A Practical Source-of-Truth Pass
Use this pass after the draft has a rough structure and before the final style edit.
- Highlight every factual claim, recommendation, comparison, and risk statement.
- Write the source of truth beside each important claim.
- Narrow claims that are true only in a specific context.
- Replace vague authority phrases with inspectable evidence or conditions.
- Add one concrete example for every major recommendation.
- Cut claims that sound confident but cannot be supported.
- Run the final draft through a voice edit only after the claims are grounded.
This order matters. If you polish first, you may become attached to sentences that should be changed. Grounding before polish keeps the draft honest.
The Real Humanizer Is Accountability
Writers often talk about humanizing AI content as if the main task is making sentences sound less automated.
Voice matters. Rhythm matters. Specific language matters.
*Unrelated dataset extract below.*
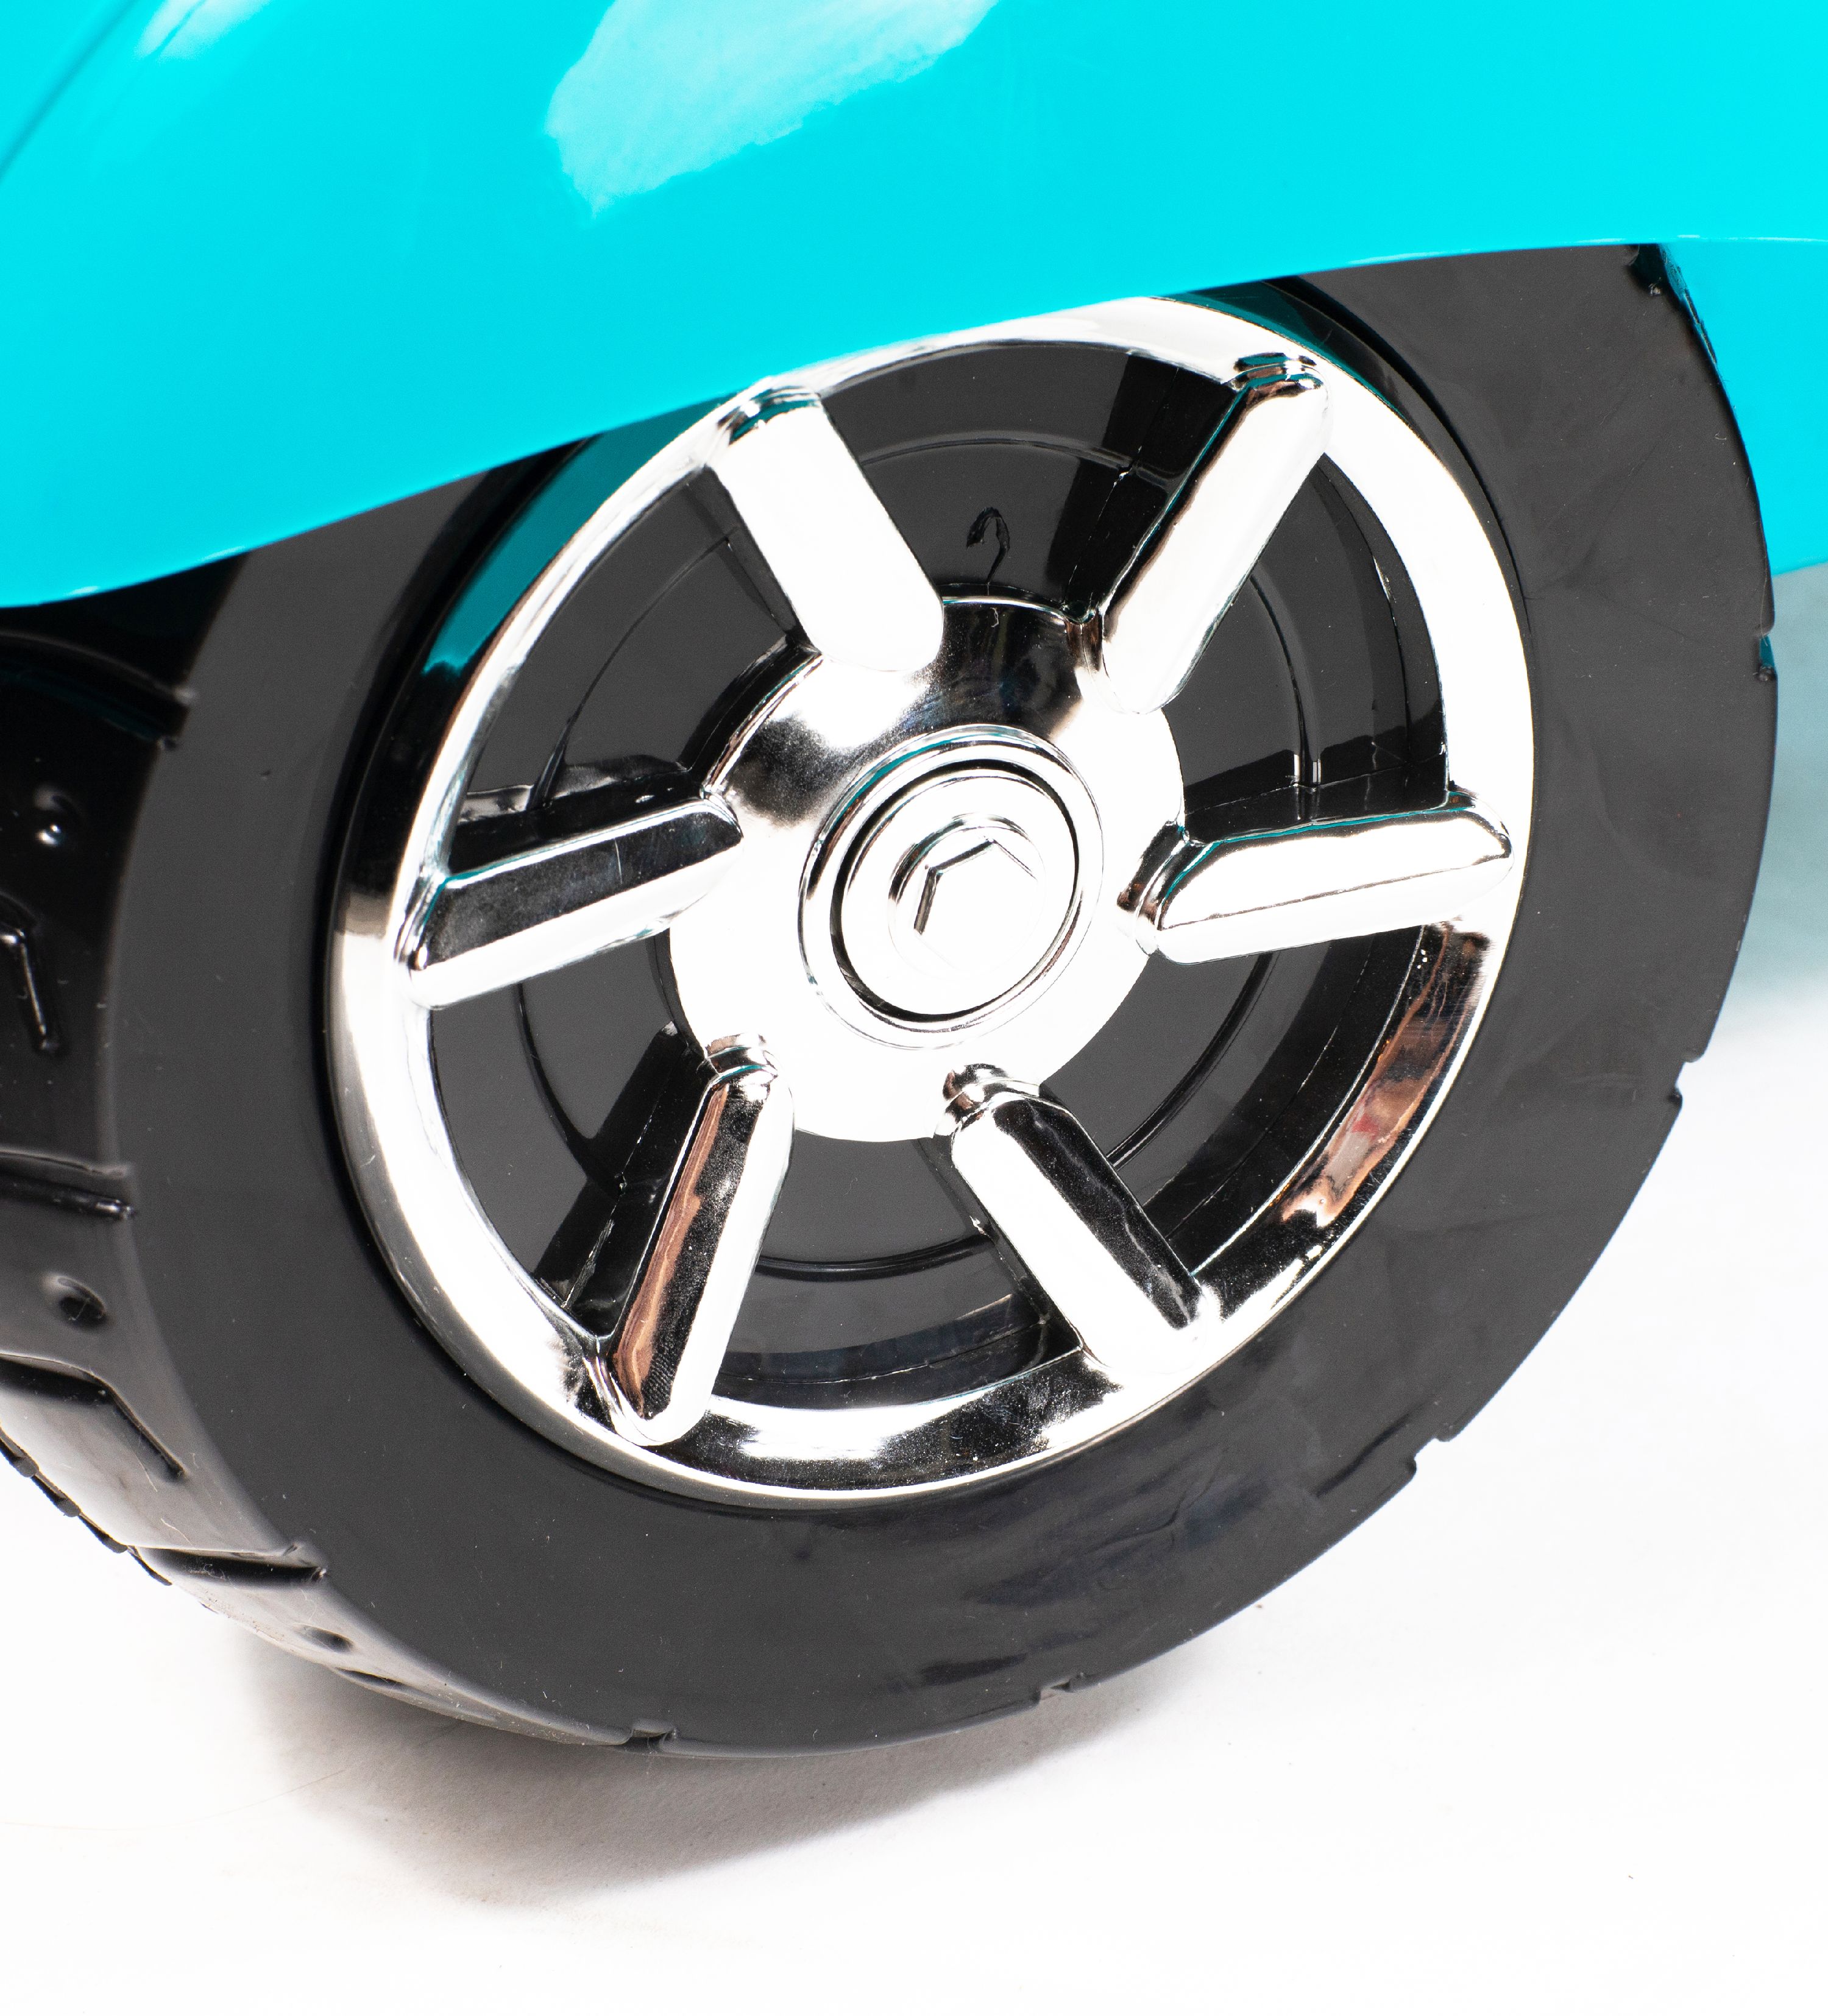 6 Volt Honda Metropolitan Blue Battery Powered Ride-On - image 4 of 8

But the deeper human layer is accountability.
A human editor knows what the draft is allowed to claim. A human editor understands the audience, the context, the tradeoffs, and the consequences of being wrong. A human editor can say, "We do not know that," or "This needs a source," or "This is true only for this reader."
That is what makes AI-assisted writing worth reading.
Not hidden authorship.
Not detector theater.
A draft that knows where its claims came from, and a writer willing to stand behind them.